Key Default Value Options Description
CONDTYPE 'MSE'
• 'MSE'
• 'RLD'
• 'RSF'
Fit conditioning type. Admitted values are:
• 'MSE' Mean Squared Error and variation
• 'RLD' Log residuals difference and mean squared error variation
• 'RSF' Residuals spectral flatness and mean squared error variation
FITTOL 0.001 none Fit tolerance.
MSEVARTOL 0.01 none Mean Squared Error Variation - Check if the
relative variation of the mean squared error is
smaller than the value specified. This
option is useful for finding the minimum of the Chi-squared.

Now let's run the fit:

```    % Set up the parameters
plfit = plist('fs', 1, ...      % Sampling frequency for the model filters
'AutoSearch', 'on', ...       % Automatically search for a good model
'StartPolesOpt', 'clog', ...  % Define the properties of the starting poles - complex distributed in the unitary circle
'maxiter', 50 ,...            % Maximum number of iteration per model order
'minorder', 2, ...            % Minimum model order
'maxorder', 9, ...            % Maximum model order
'weightparam', 'abs', ...     % Assign weights as 1./abs(data)
'condtype', 'MSE', ...        % Mean Squared Error and variation
'fittol', 1e-2, ...           % Fit tolerance
'msevartol', 1e-1, ...        % Mean Squared Error Variation tolerance
'Plot', 'on', ...             % Set the plot on or off
'ForceStability', 'on', ...   % Force to output a stable poles model
'CheckProgress', 'off');      % Display fitting progress on the command window

% Do the fit
fobj = zDomainFit(tfsp, plfit);

% Set the input and output units for fitted model
fobj.setIunits('m');
fobj.setOunits('V');
```

When 'Plot' parameter is set to 'on' the function plots the fit progress.

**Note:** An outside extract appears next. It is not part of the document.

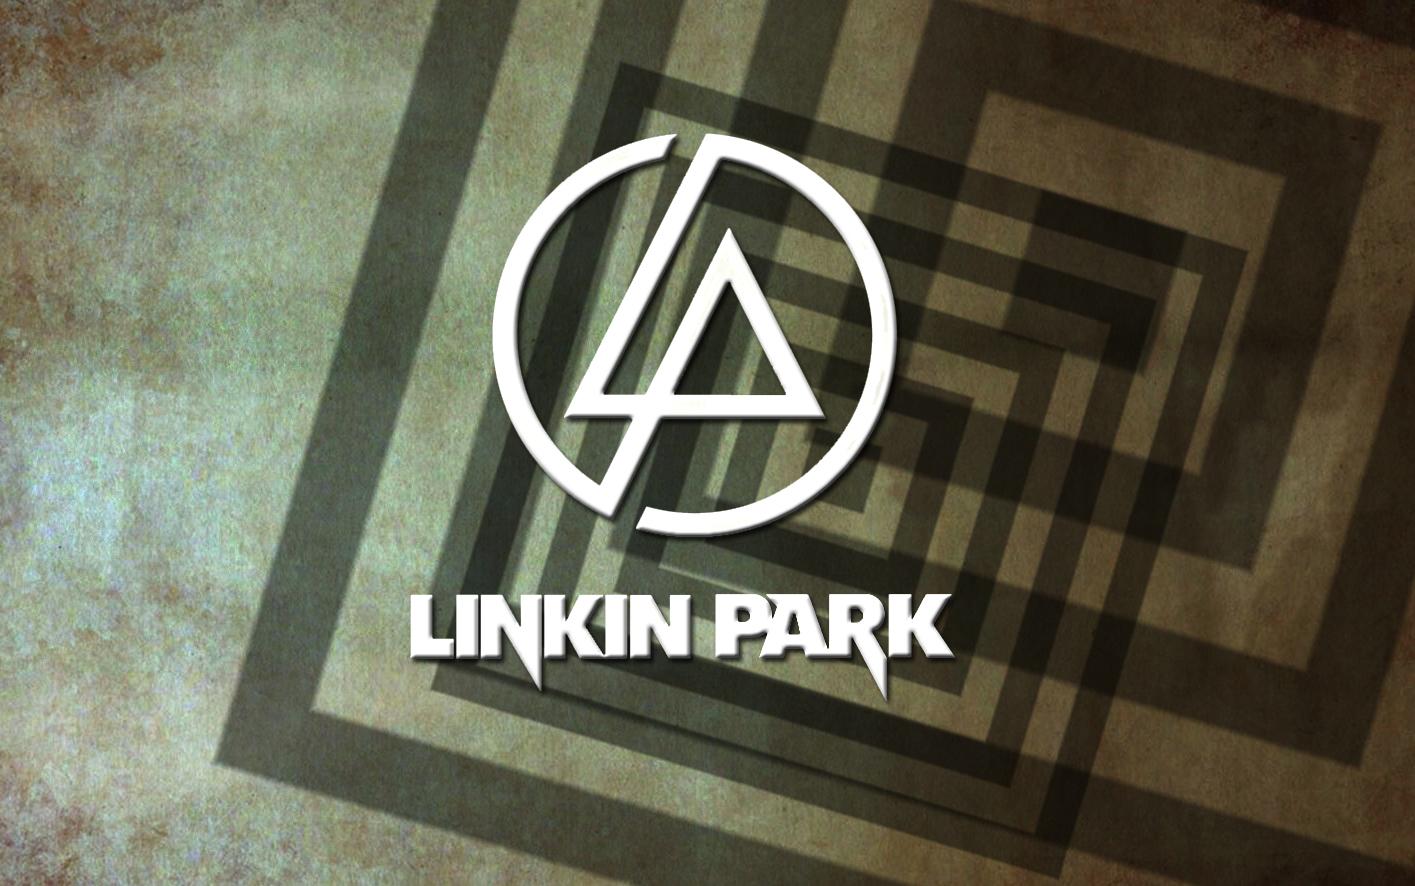 Linkin Park New Promo Album Wallpaper 610 Wallpaper Wallpaper 1415x886

We can now check the result of our fitting procedures. We calculate the frequency response of the fitted models (filters) and compare them with the starting IIR filter response, then we will plot the percentage error on the filters magnitudes.

Note that the result of the fitting procedure is a matrix object containing a filterbank object, which itself contains a parallel bank of 3 IIR filters.

Note that at the moment we need to access the individual filter objects inside the matrix object that was the result of the fitting procedure.

```    % set plist for filter response
plrsp = plist('bank', 'parallel', 'f1', 1e-5, 'f2', 0.5, 'nf', 100, 'scale', 'log');

% compute the response of the original noise-shape filter
rfilt = resp(filt, plrsp);
rfilt.setName;

% compute the response of our fitted filter bank
rfobj = resp(fobj.filters, plrsp);
rfobj.setName;

% compare the responses
iplot(rfilt, rfobj)

% and the percentage error on the magnitude
pdiff = 100 .* abs((rfobj - rfilt) ./ rfilt);
pdiff.simplifyYunits;
iplot(pdiff, plist('YRanges', [1e-2 100]))
```

The first plot shows the response of the original filter and the fitted filter bank, whereas the second plot reports the percentage difference between fitted model and target filter magnitude.
As can be seen, the difference between filters magnitude is at most 10%.